Вот и записка на туалетном столике, как всегда, дожидается его.
«Мой милый, старый ворчун! Это еще не настоящее письмо, а всего лишь тысяча поцелуев! А настоящее приколото к твоей — к нашей — подушке, и это самое подходящее для него место, правда? Я не хочу, дорогой, чтобы ты расстроился, не найдя меня дома, слышишь? Не хочу, чтобы ты разозлился на меня... И очень хочу, чтоб ты прочел то, настоящее письмо. Так не будешь сердиться, нет? Приезжай за мной к Джилдасам. Я страшно хочу тебя видеть, милый. Честное слово, хочу! Я так соскучилась без тебя! Да, соскучилась! Ты непременно найдешь меня у них. И смотри, не вздумай сердиться и хмуриться! Я не могла ждать тебя дома, дорогой, никак не могла. Ну, а теперь читай второе письмо!
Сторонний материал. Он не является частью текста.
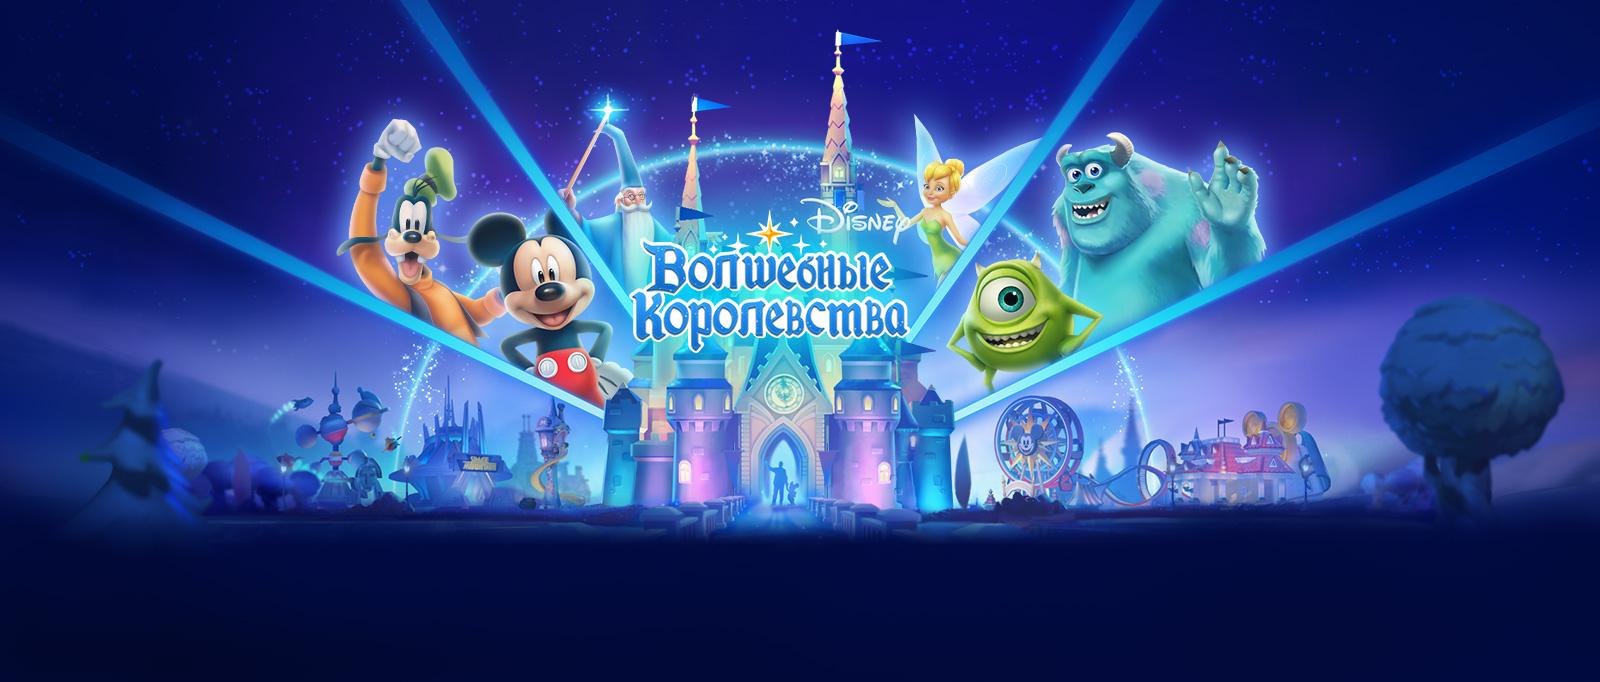 Волшебные королевства Disney

Хоть бы руки не дрожали так... Будь она проклята, тысячу раз проклята! Все время так издеваться над ним! Ему и часу не удается побыть с ней спокойно, без посторонних: то она в гостях, то кутит где-нибудь со своей компанией...
Он скомкал записку, бросил ее на пол и подошел к окну. Из широких дверей дома напротив вышла молодая женщина — миссис Юстус, — вот она садится в машину. Эта простая, скромная женщина любит свой дом, свою семью; ей бы никогда и в голову не пришли вероломные и дикие выходки, на какие способна Иделла. Да если бы она только заподозрила, как ведет себя его жена, она бы и знать ее не захотела. И почему он не полюбил вот такую простую, спокойную девушку? А рядом — большой и тихий особняк Уолтерсов, людей солидных и состоятельных. Они очень милы, приветливы и любезны, а Иделла всегда твердит, что они несносные и скучные. Все, что другие считают хорошим, приличным, порядочным, ей скучно и несносно. Вот и к нему она относится так же. Сама-то она совсем другая, черт бы ее побрал! Поэтому она не выносит и не может понять таких достойных людей, как Юстусы или Уолтерсы. (Вот и Мэй Уолтерс показалась в окне столовой.) Или семейство Хартли... Да, а вторая записка, что в ней? Уедет он или нет, а записку нужно прочитать; но на этот раз он непременно уедет, уж это точно!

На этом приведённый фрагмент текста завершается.